* **WHAT IS EXPECTED**: The answer must reproduce exactly the lines from the one with "Dickens, Old Curiosity" through the end of the material, and it must contain no pictures.

* **DATA BELOW**:
__________

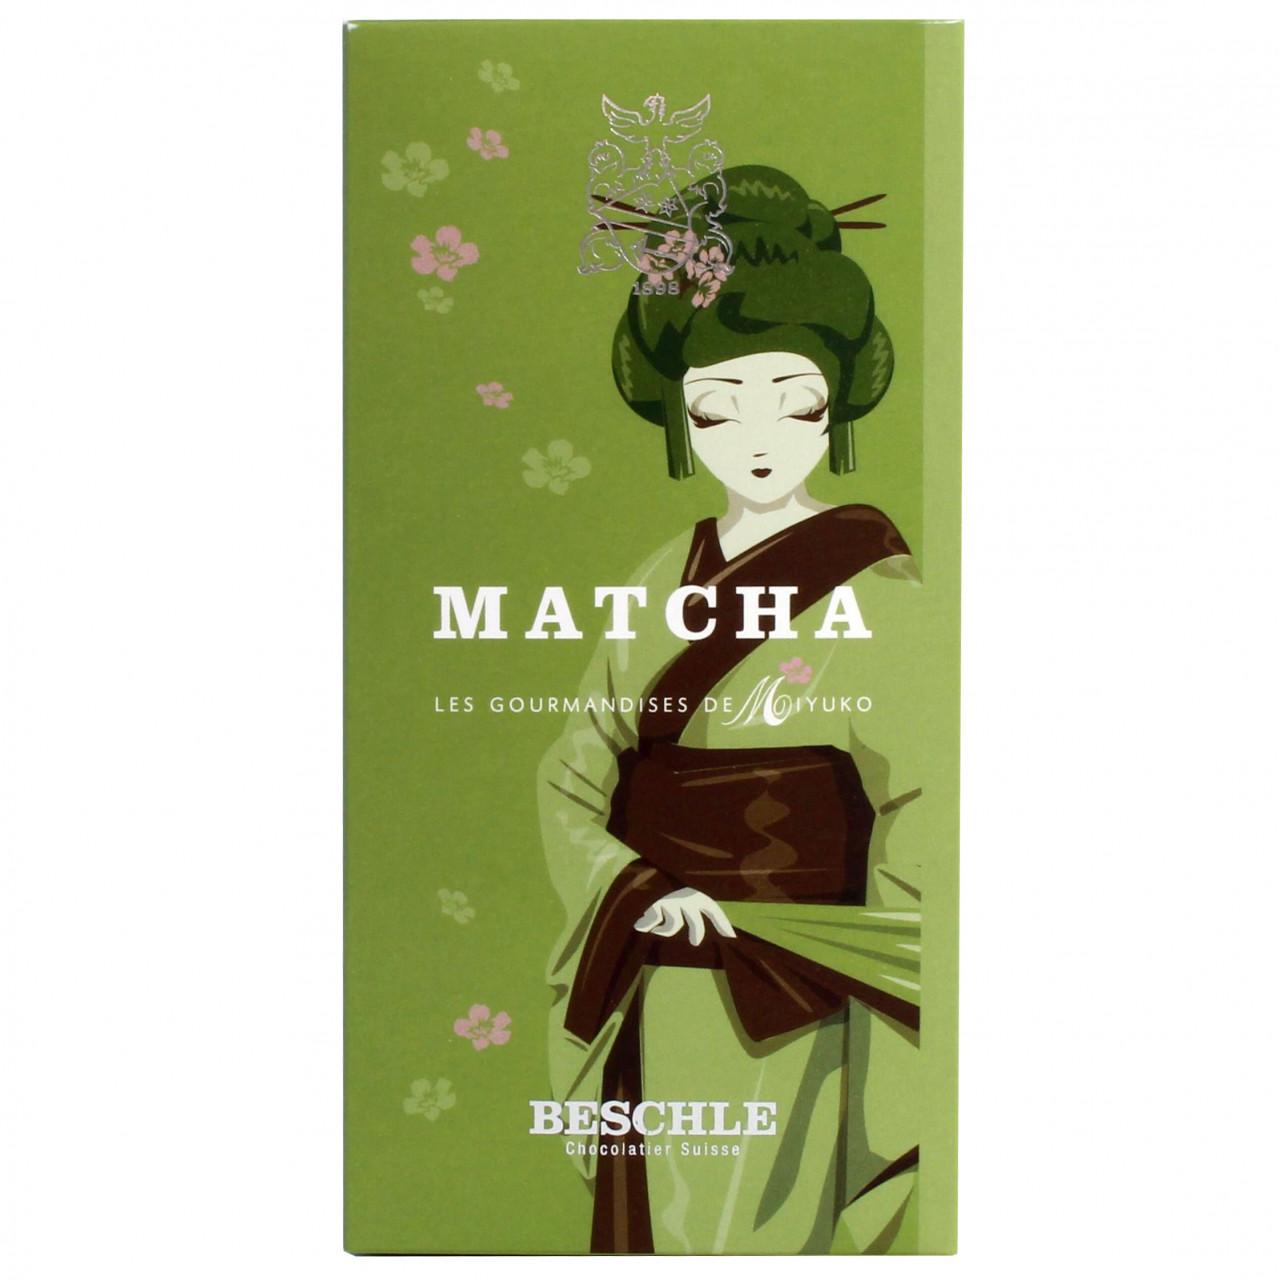 Schokolade mit Matcha Tee, weisse Schokolade, Joghurt Schokolade, Schweiz, schweizer Schokolade - Chocolate with Matcha - Chocolats-De-Luxe
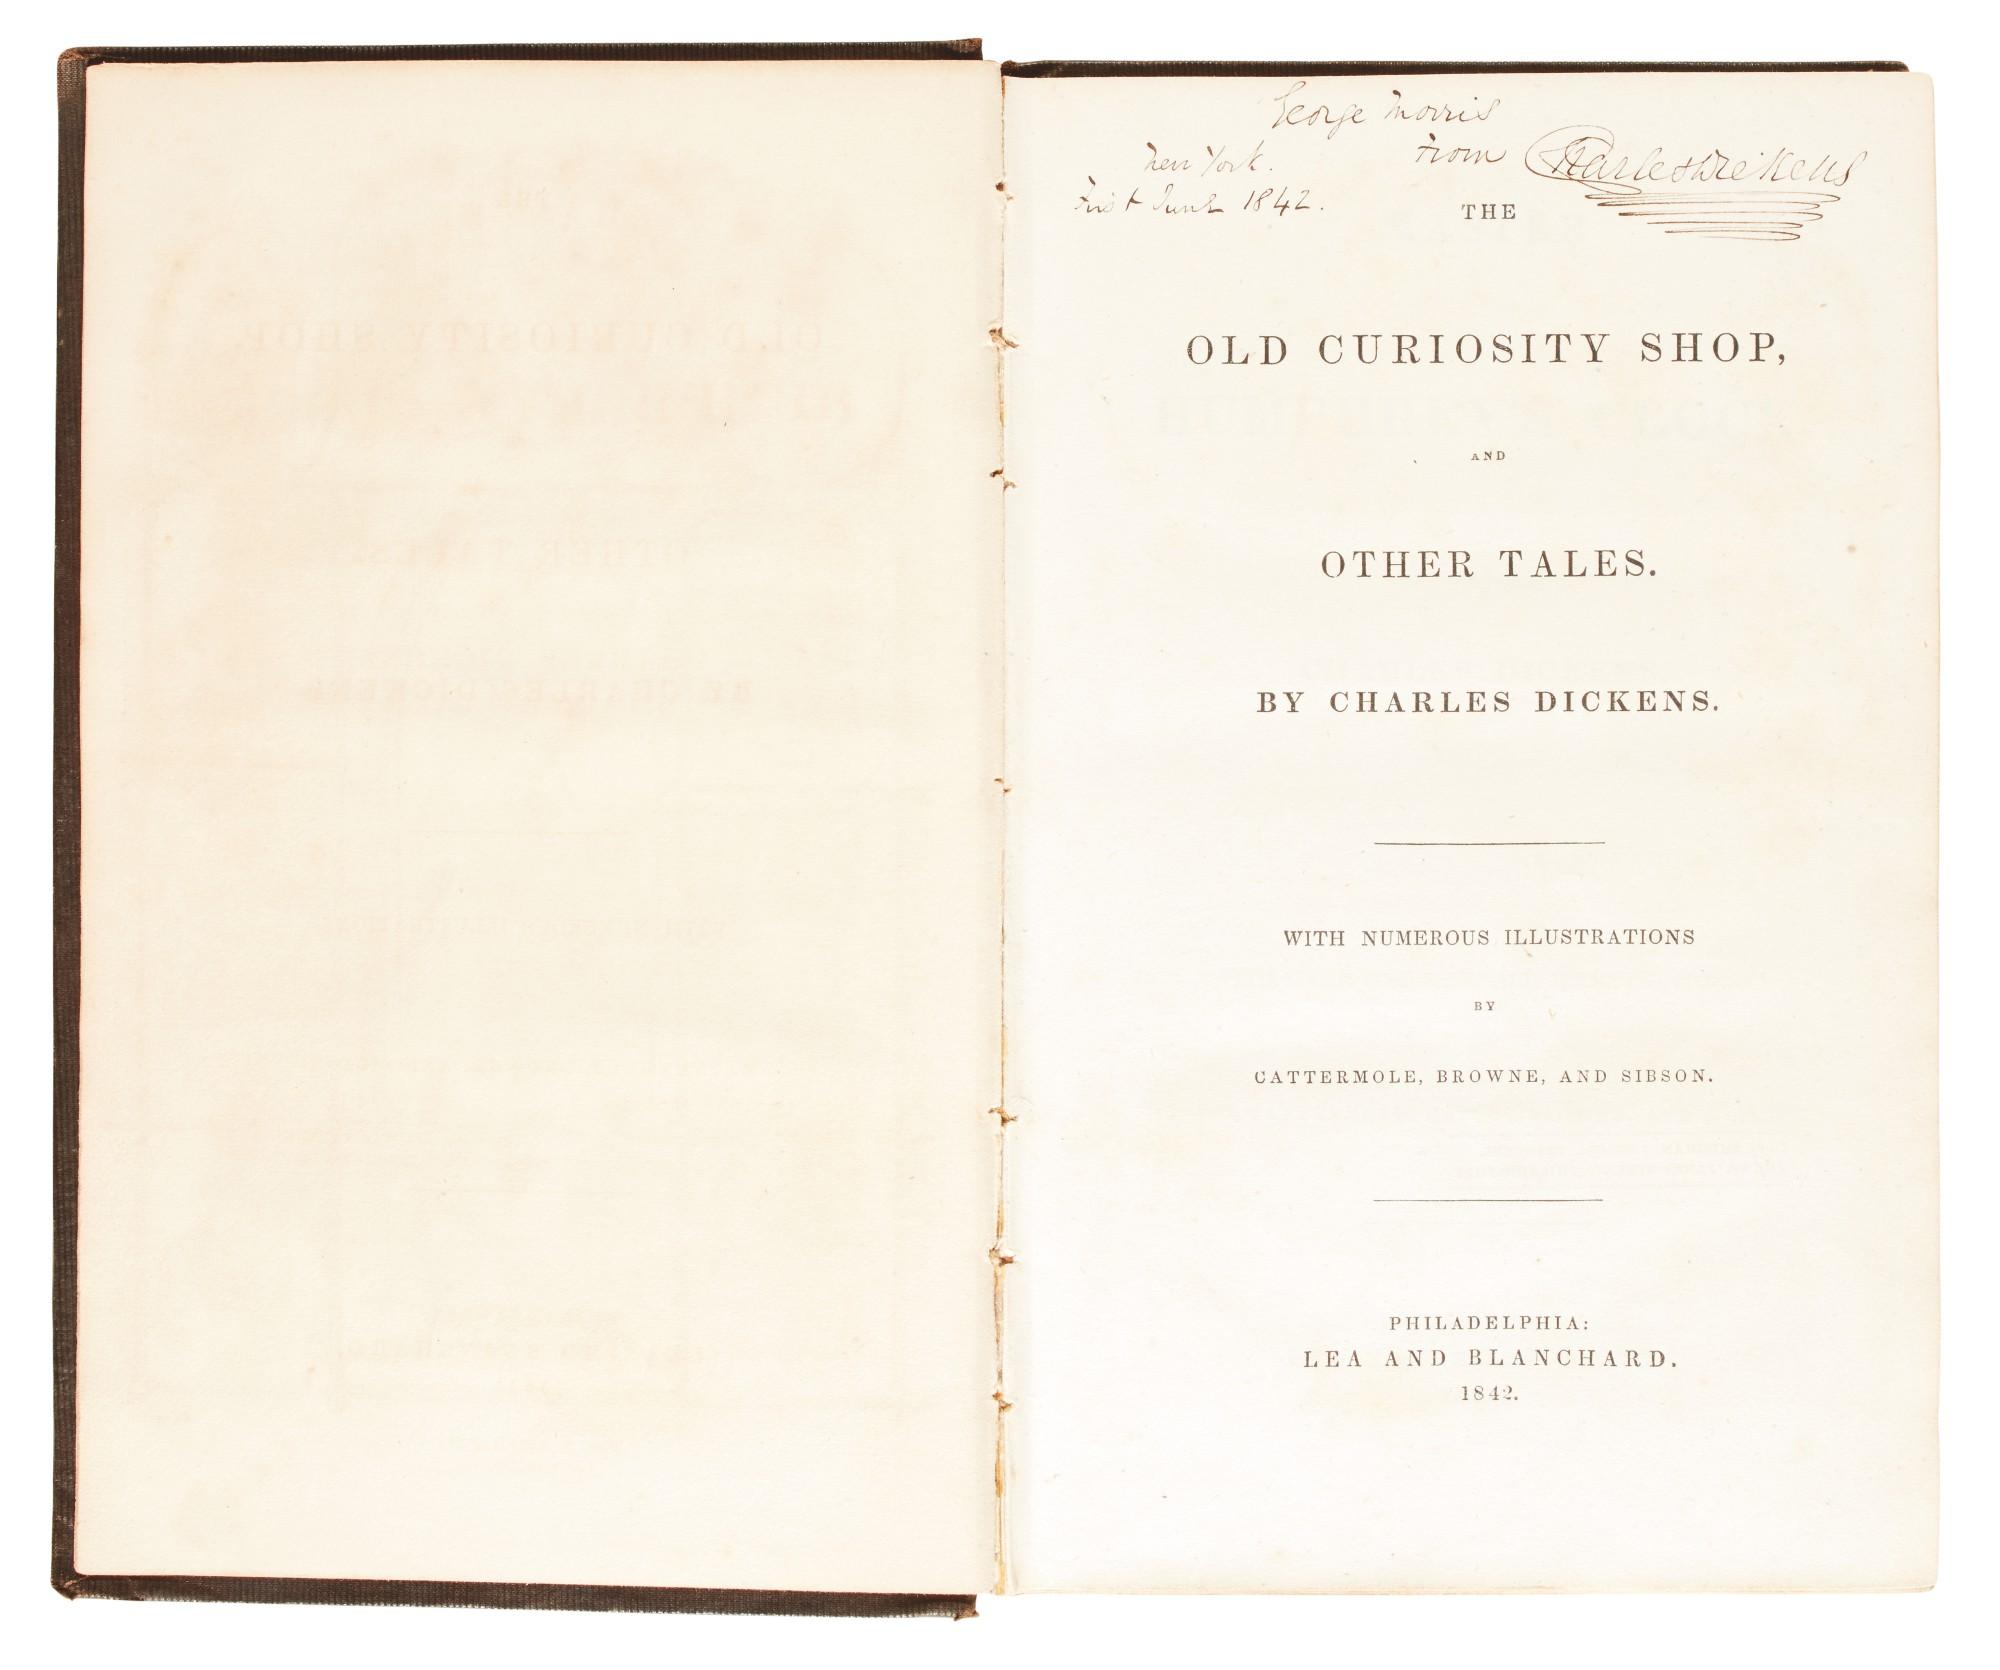 Dickens, Old Curiosity Shop, 1842, second American edition, presentation copy inscribed to Morris
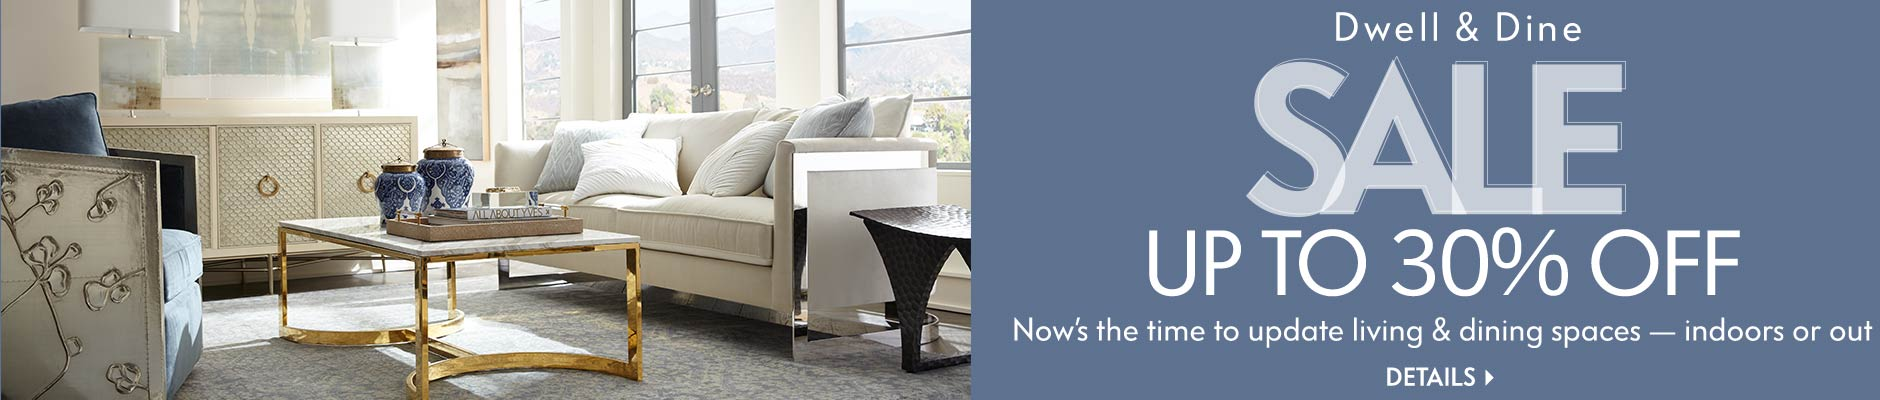 pics of living room furniture. Living Room Pics Of Furniture
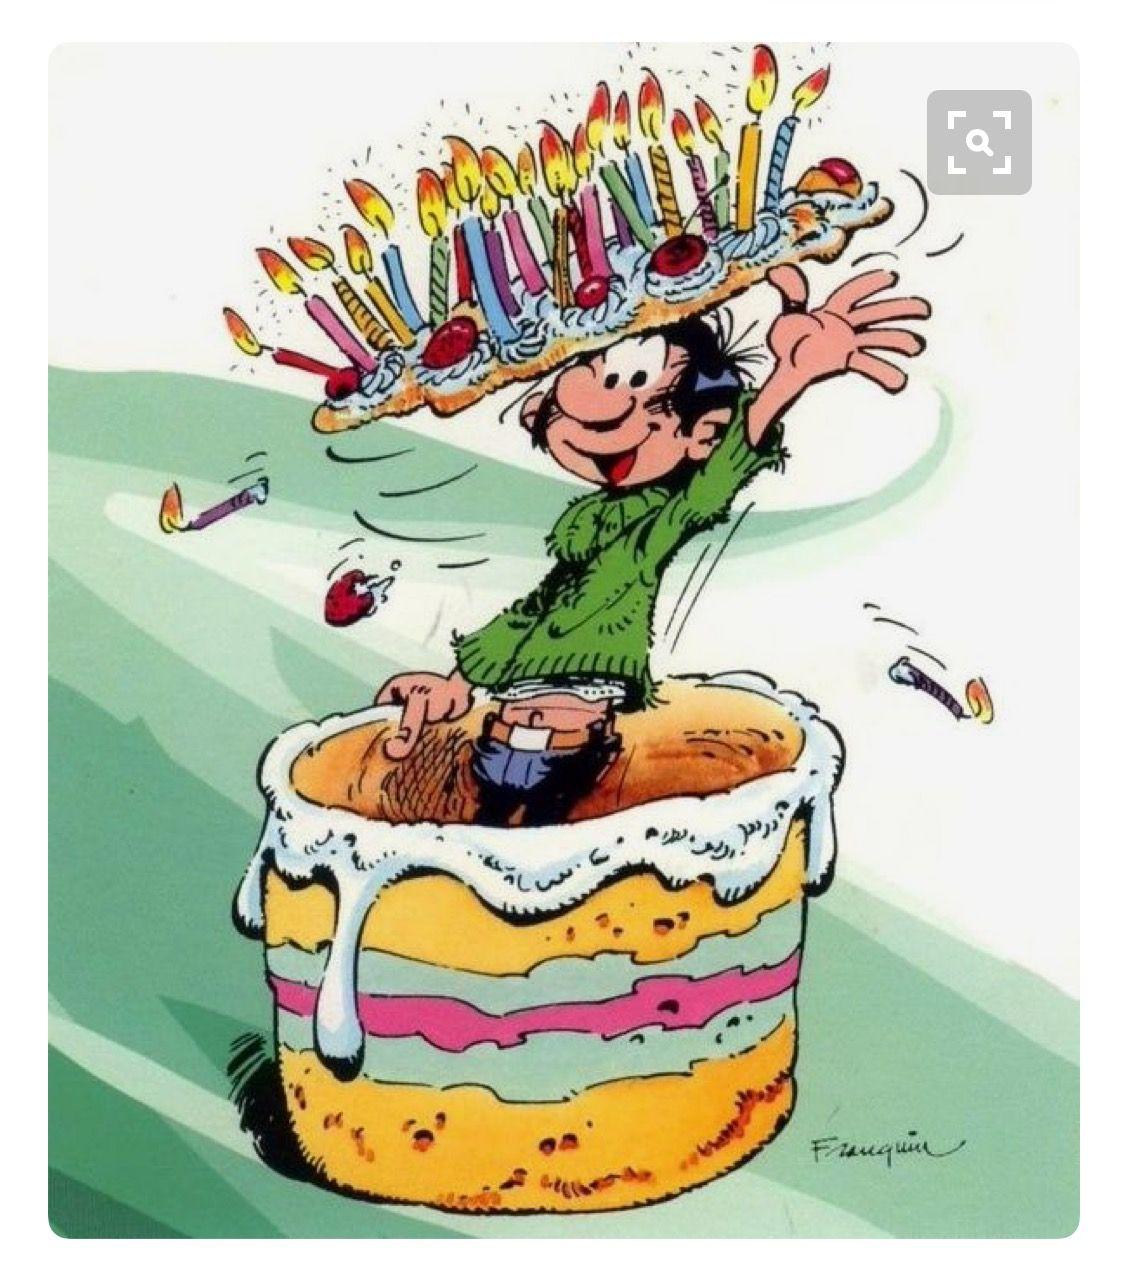 Gratuit Dessin Humoristique Gateau Anniversaire | HumourLa

__________

* **REPLY**:
 Dickens, Old Curiosity Shop, 1842, second American edition, presentation copy inscribed to Morris
 pics of living room furniture. Living Room Pics Of Furniture
 Gratuit Dessin Humoristique Gateau Anniversaire | HumourLa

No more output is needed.